Load Thresholds for Cuckoo Hashing with Overlapping Blocks

TL;DR

This paper rigorously determines load thresholds for a variation of cuckoo hashing with overlapping intervals, improving understanding of its capacity limits and employing advanced probabilistic methods.

Contribution

It introduces a method to precisely compute load thresholds for cuckoo hashing with overlapping blocks for all parameters, extending previous empirical and asymptotic results.

Findings

Thresholds are approximately 96.5% for specific parameters.

Belief propagation equations determine hypergraph orientability thresholds.

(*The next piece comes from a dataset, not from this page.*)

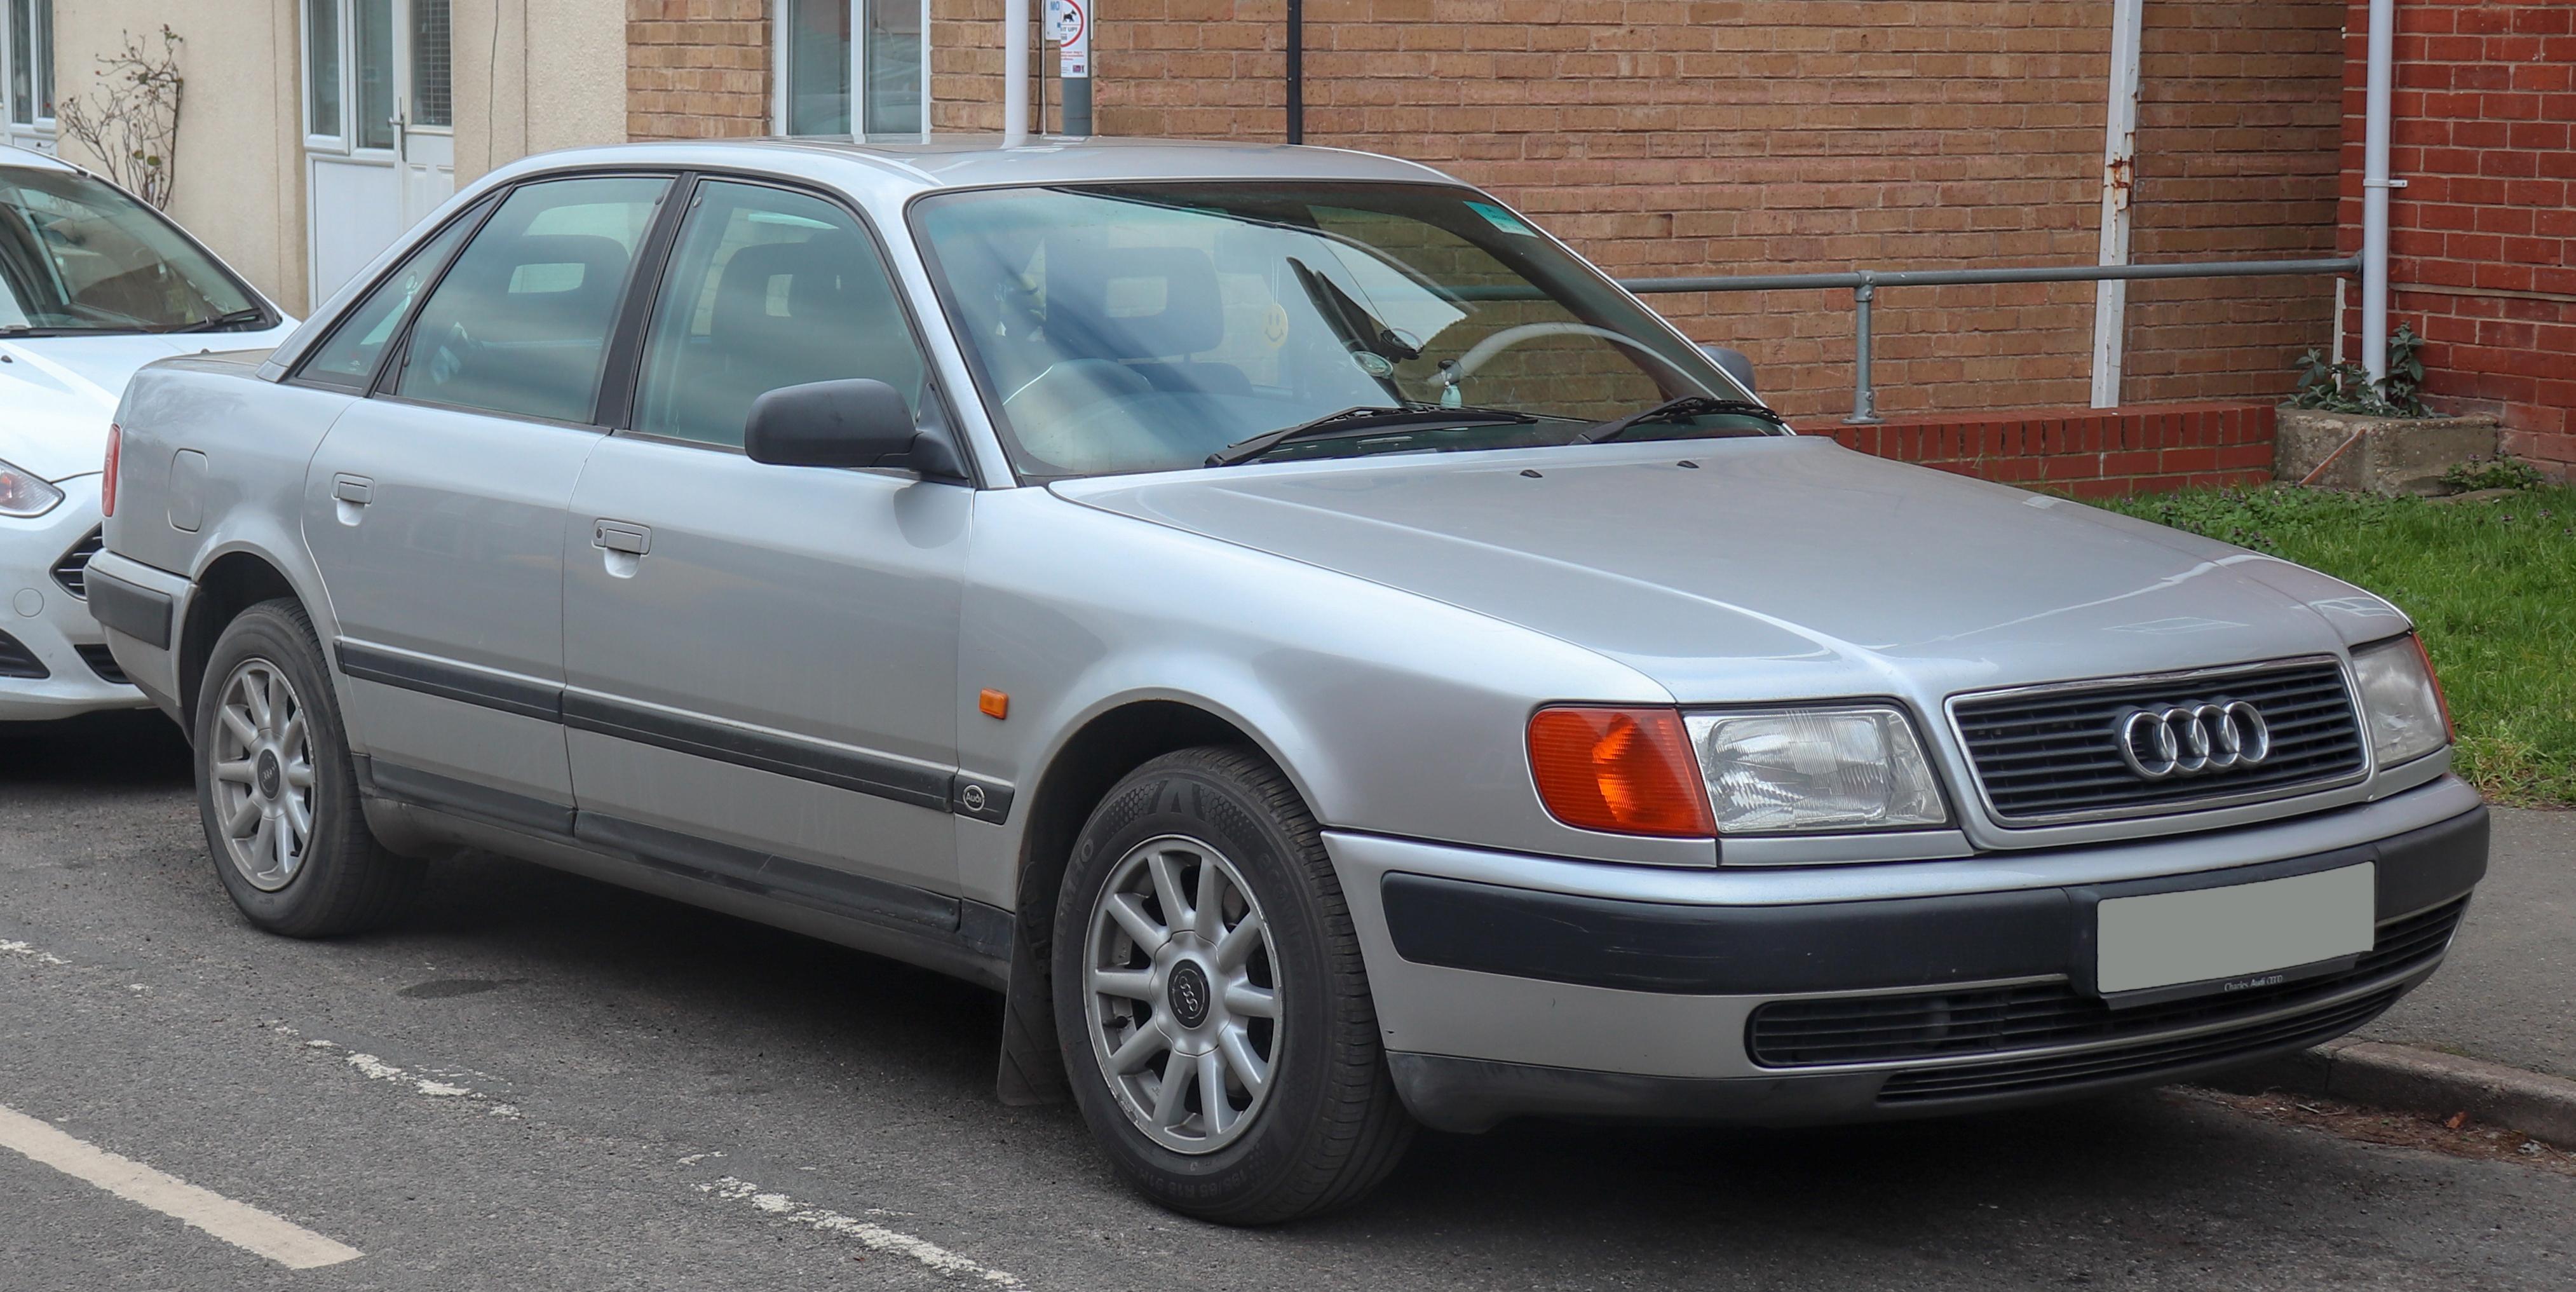 Audi 100 - WikipediaWikipedia

Experimental evidence shows near-threshold placements can be constructed efficiently.

Abstract

Dietzfelbinger and Weidling [DW07] proposed a natural variation of cuckoo hashing where each of $cn$ objects is assigned $k = 2$ intervals of size $\ell$ in a linear (or cyclic) hash table of size $n$ and both start points are chosen independently and uniformly at random. Each object must be placed into a table cell within its intervals, but each cell can only hold one object. Experiments suggested that this scheme outperforms the variant with blocks in which intervals are aligned at multiples of $\ell$. In particular, the load threshold is higher, i.e. the load $c$ that can be achieved with high probability. For instance, Lehman and Panigrahy [LP09] empirically observed the threshold for $\ell = 2$ to be around $96.5\%$ as compared to roughly $89.7\%$ using blocks. They managed to pin down the asymptotics of the thresholds for large $\ell$, but the precise values resisted rigorous analysis. We establish a method to determine these load thresholds for all $\ell \geq 2$, and, in fact, for general $k \geq 2$. For instance, for $k = \ell = 2$ we get $\approx 96.4995\%$. The key tool we employ is an insightful and general theorem due to Leconte, Lelarge, and Massouli\'e [LLM13], which adapts methods from statistical physics to the world of hypergraph orientability. In effect, the orientability thresholds for our graph families are determined by belief propagation equations for certain graph limits. As a side note we provide experimental evidence suggesting that placements can be constructed in linear time with loads close to the threshold using an adapted version of an algorithm by Khosla [Kho13].